# Poqouson flats



## eaglesfanguy (May 1, 2003)

I fished i believe it was the poquoson flats.I left out of wallace's marina and fished the island right before you head into the bay.First time fishing that area so im not familiar with that water.Well first drift off point of the island caught a 24 inch striper... marked a ton of fish in 24 ft of water most fish in the 11 ft range ,water 62 degrees.Then second drift in 5 ft of water alongside island caught a 20 inch flounder. Next few drifts provided bites but no hookups.Winds shifted then started hooking nice sized croakers about 14 inch range.Then saw several pops at the surface so threw a storm out there it was immediatly bitten in half right behind the hook....Blues.. So i switched to a dennis braid jig.and after a few casts had several nice blues in the 3 to 5 lb ranges .All in all i fished about 4 hrs out there found a honey hole .All fished released.Caught the croakers and striper and flounder on cut squid strips.
Headed out again tomorrow to that area . maybe ill take something home depends on how this work injury to my fillet holding hand feels.If i feel i can fillet the fish there going into the freezer if not ill just have fun..

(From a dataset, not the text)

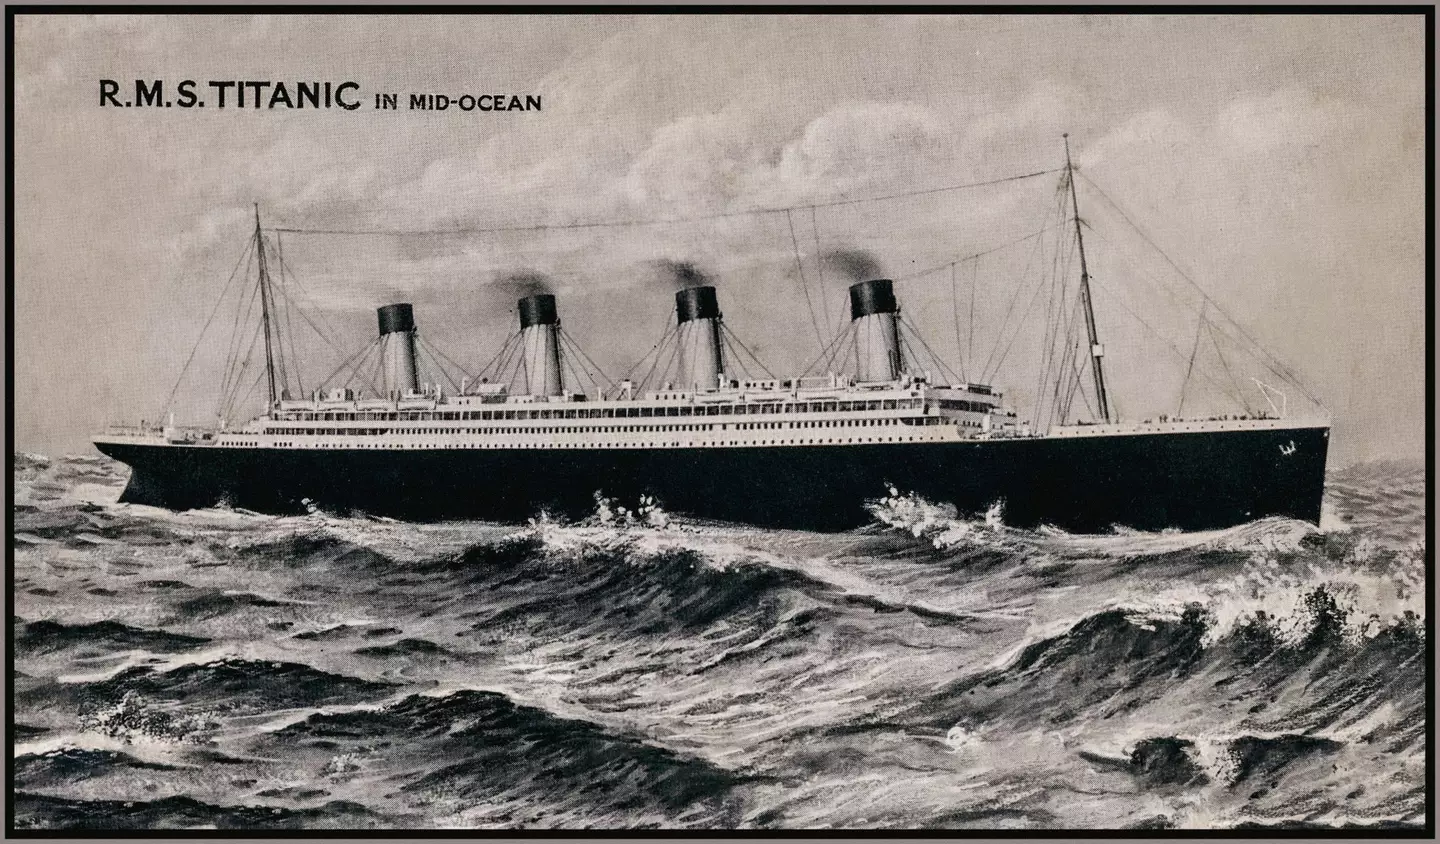 The Titanic set sail from Southampton on 10 April, 1912.

Oh yea i was fishing dead low to rising tide and winds out the north west shifting to the east.


----------



## Jimmy (Sep 23, 2002)

Nice report. Sounds like that area is heating up. If you fished the island just as you are coming out of Wallaces and out of the river into the bay, that island on the right side is known as Factory Point. I am headed out with Matt(ssminnow) tomorrow out of Wallaces so we'll have to give that area a shot on the way out to the CBBT. I have never fished Poquoson Flats, but I believe that it is an area further to the north as you are coming out of Back River.


----------



## eaglesfanguy (May 1, 2003)

Thanks Jimmy.My girlfriend said that it was the flats but she is hardly a geographical person but has lived in hampton so i assumed maybe she was correct.But thanks for clearing that up for me .I fished the inland point with an incoming tide.


----------



## inawe (May 24, 2003)

hey u were in primo feeeeshn waterz yo , aint it time the cobia,s come calln


----------



## the rhondel (Feb 6, 2003)

...eaglesfan.......my wife has lived in Hampton most of her life and she is the ABSOLUTE WORST on geographics....IT IS BAD!!!!!!!....the R


----------



## Jimmy (Sep 23, 2002)

Eaglesfanguy, over the weekend someone showed me where the poquoson flats area from a distance. Unfortunately I was on a sailboat and not fishing. But its actually farther north than I had thought. We were in the York river and it is just to the south of the mouth of the river. You could see how it shoals up real shallow from a distance. There is a big channel marker to the north of the flats, but I don't know what the name or # of it is.


----------